WHAT THE TASK REQUIRES
When a picture appears in the listing, leave it out and copy the rest exactly as it stands.

INFORMATION SUPPLIED
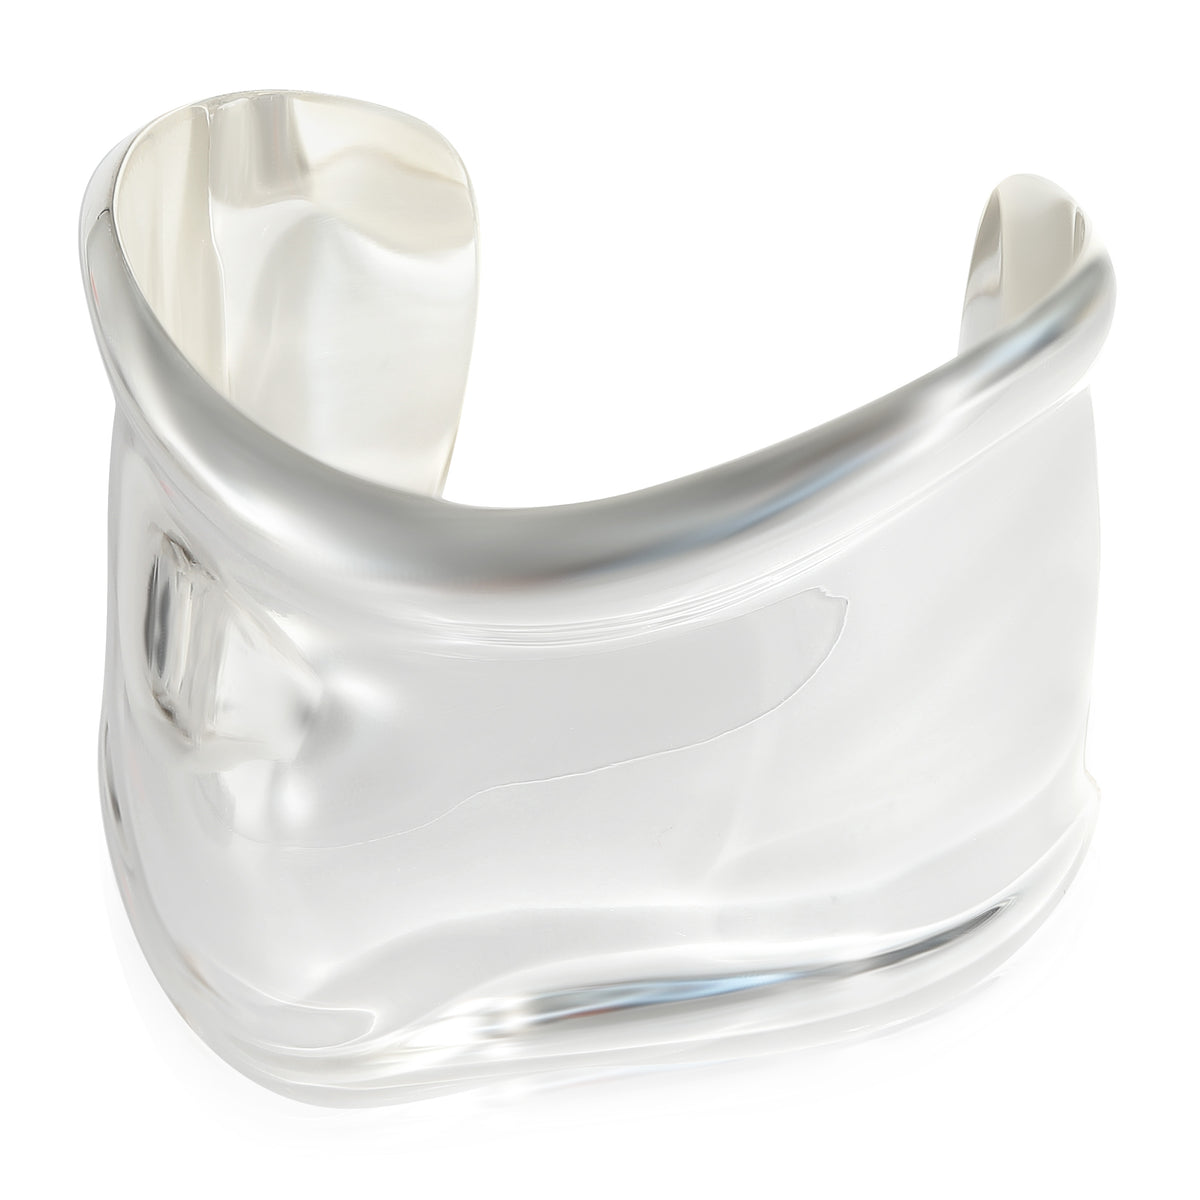 Tiffany & Co. Elsa Peretti Right Wrist Bone Cuff in Sterling Silver, Size Small
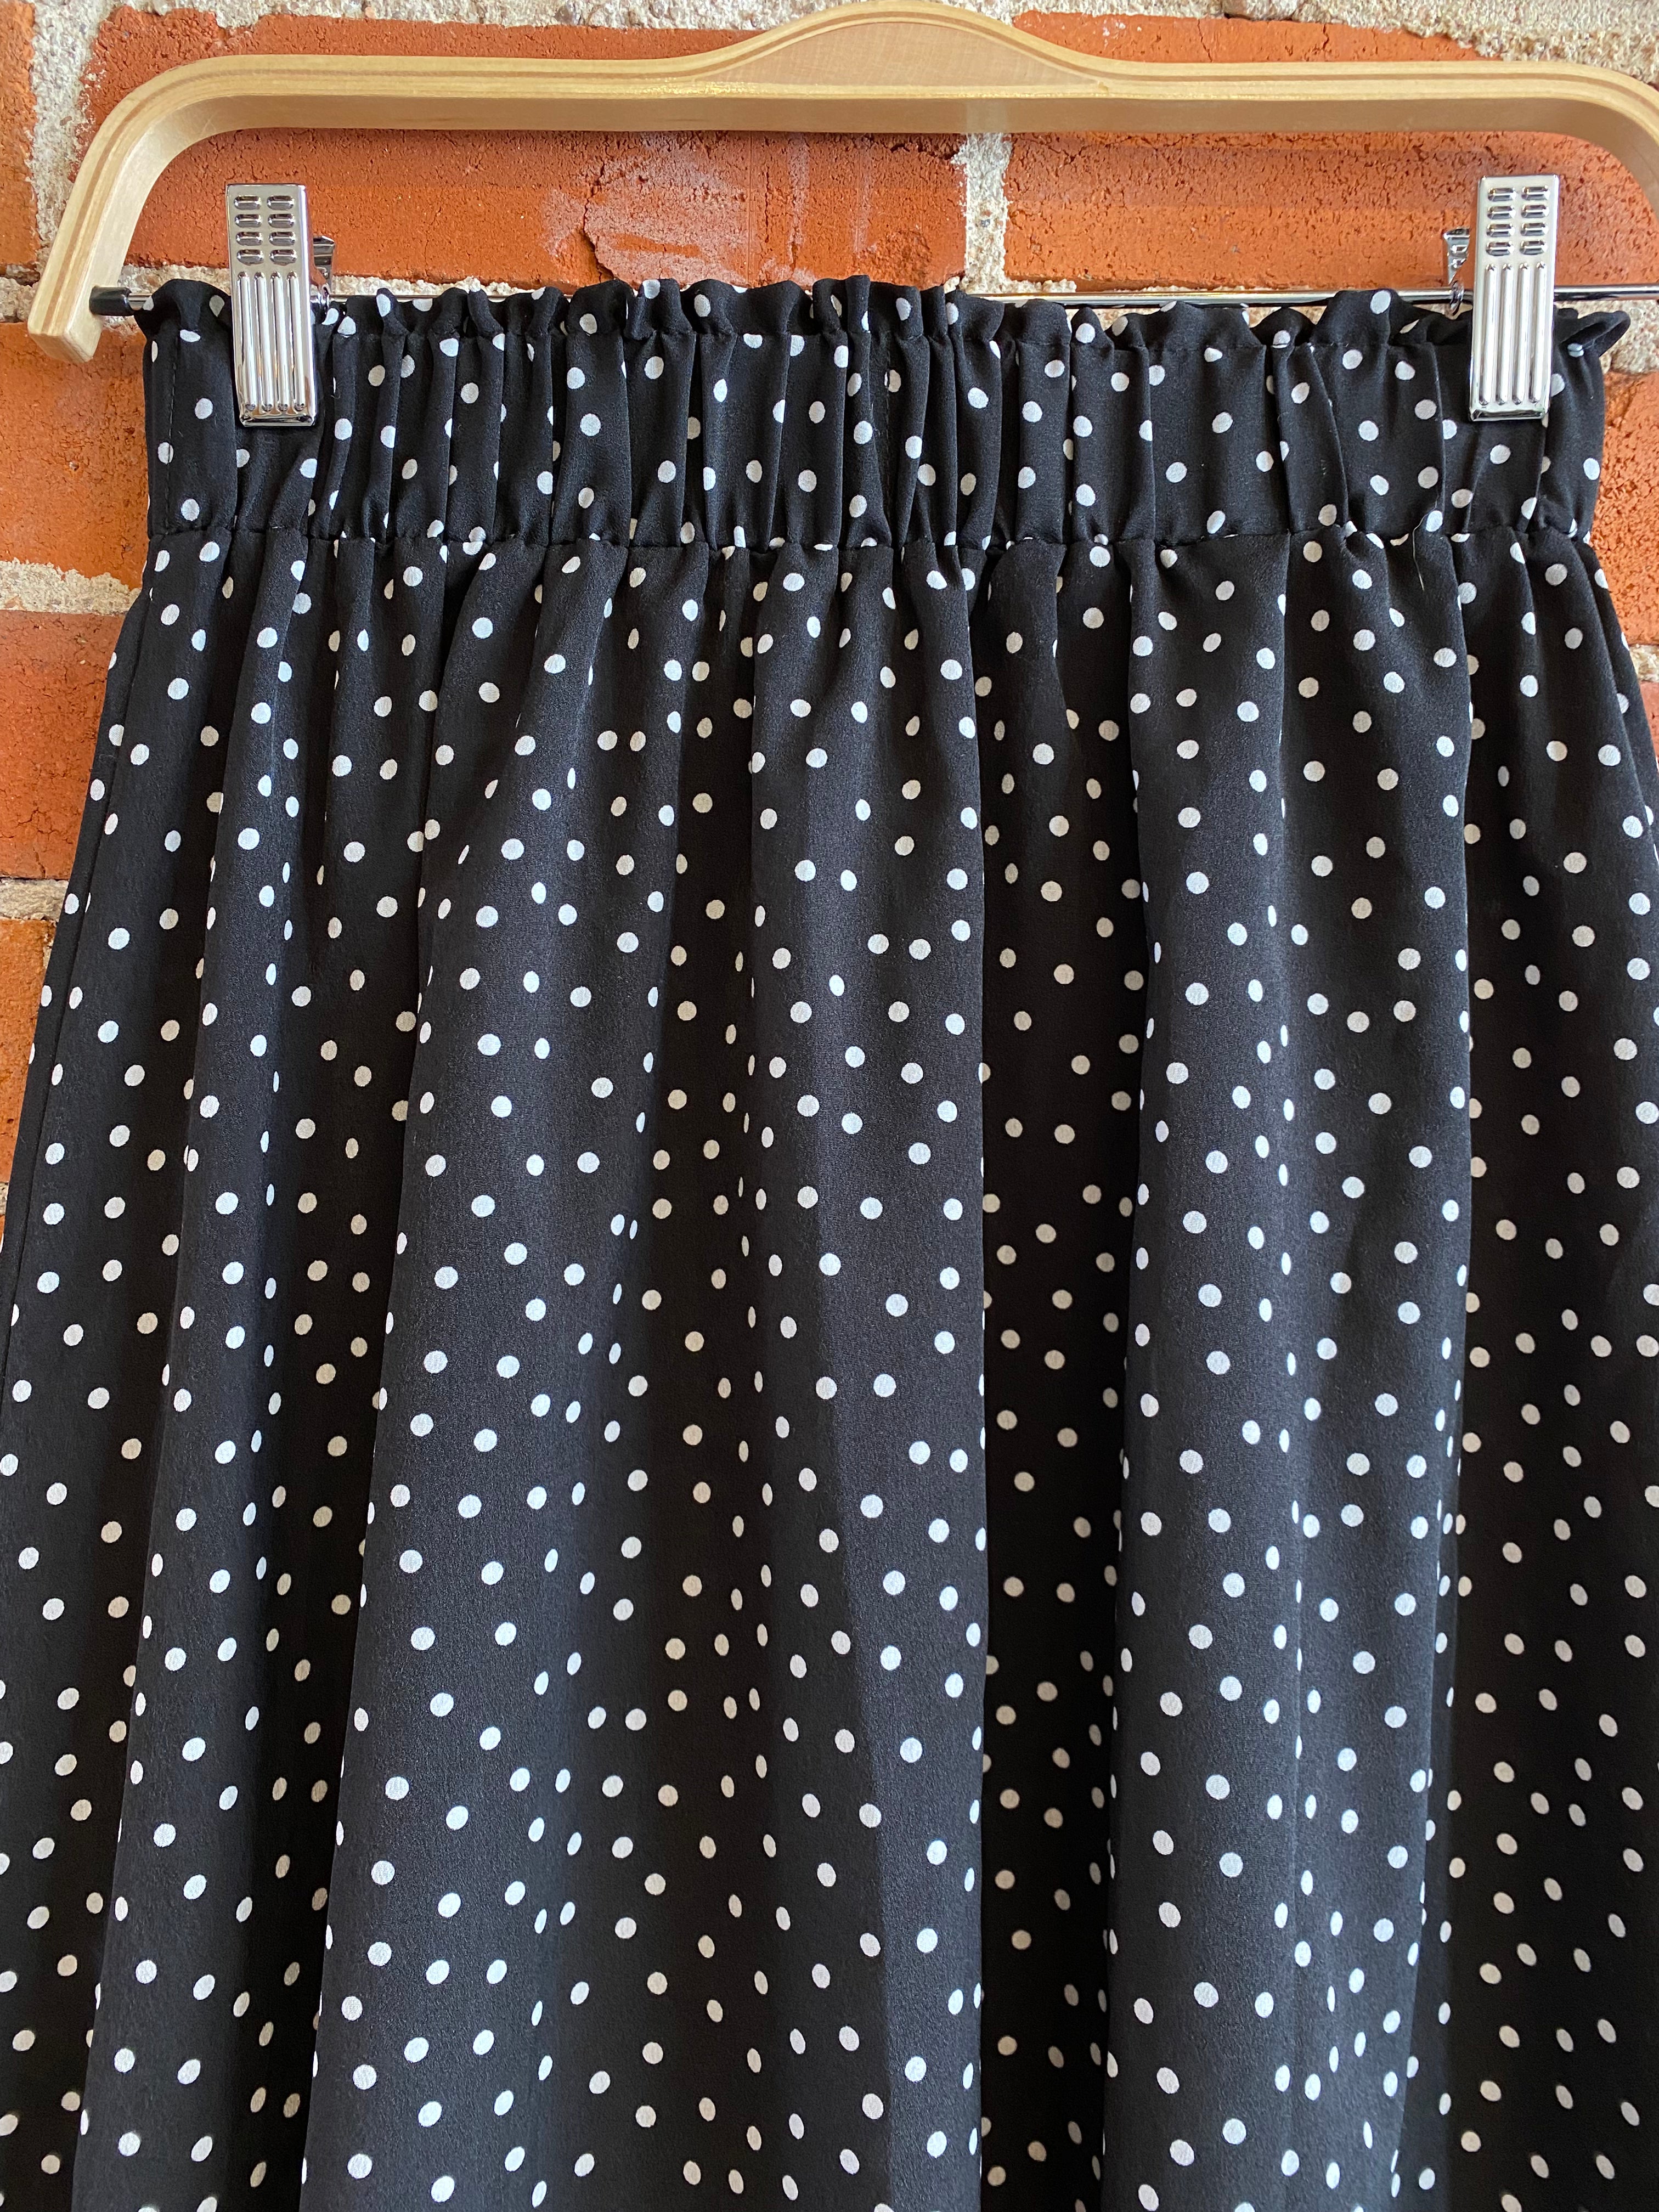 
  
  Black and white polka dot midi skirt
  
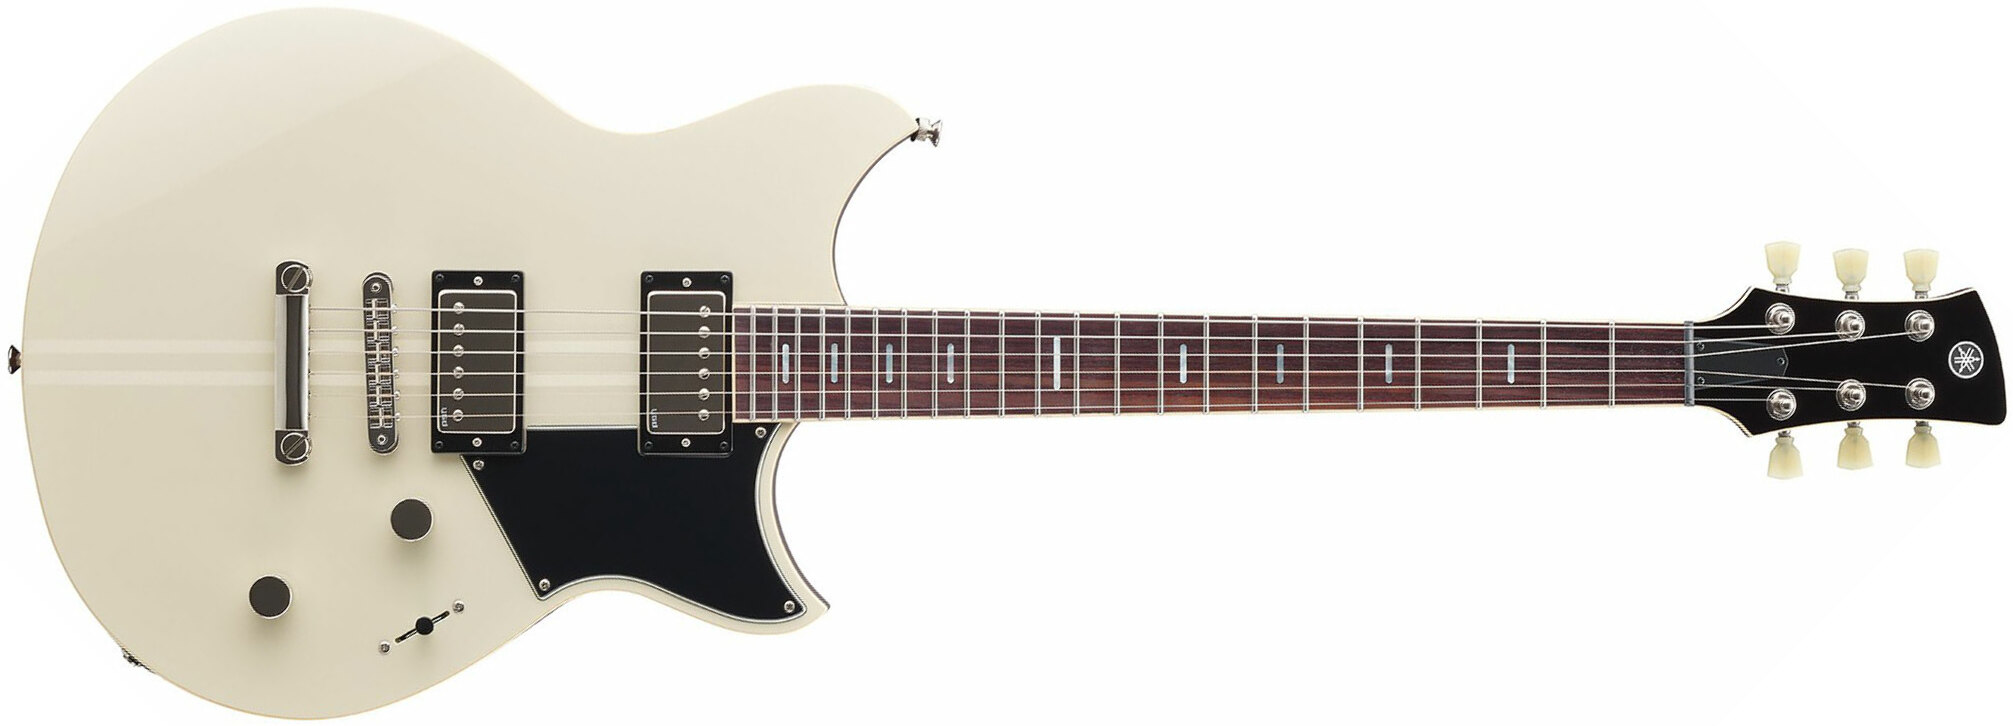 Yamaha Rss20 Revstar Standard Hh Ht Rw - Vintage White - Guitarra eléctrica de doble corte - Main picture

ANSWER SECTION
 Tiffany & Co. Elsa Peretti Right Wrist Bone Cuff in Sterling Silver, Size Small
  
  Black and white polka dot midi skirt
  
 Yamaha Rss20 Revstar Standard Hh Ht Rw - Vintage White - Guitarra eléctrica de doble corte - Main picture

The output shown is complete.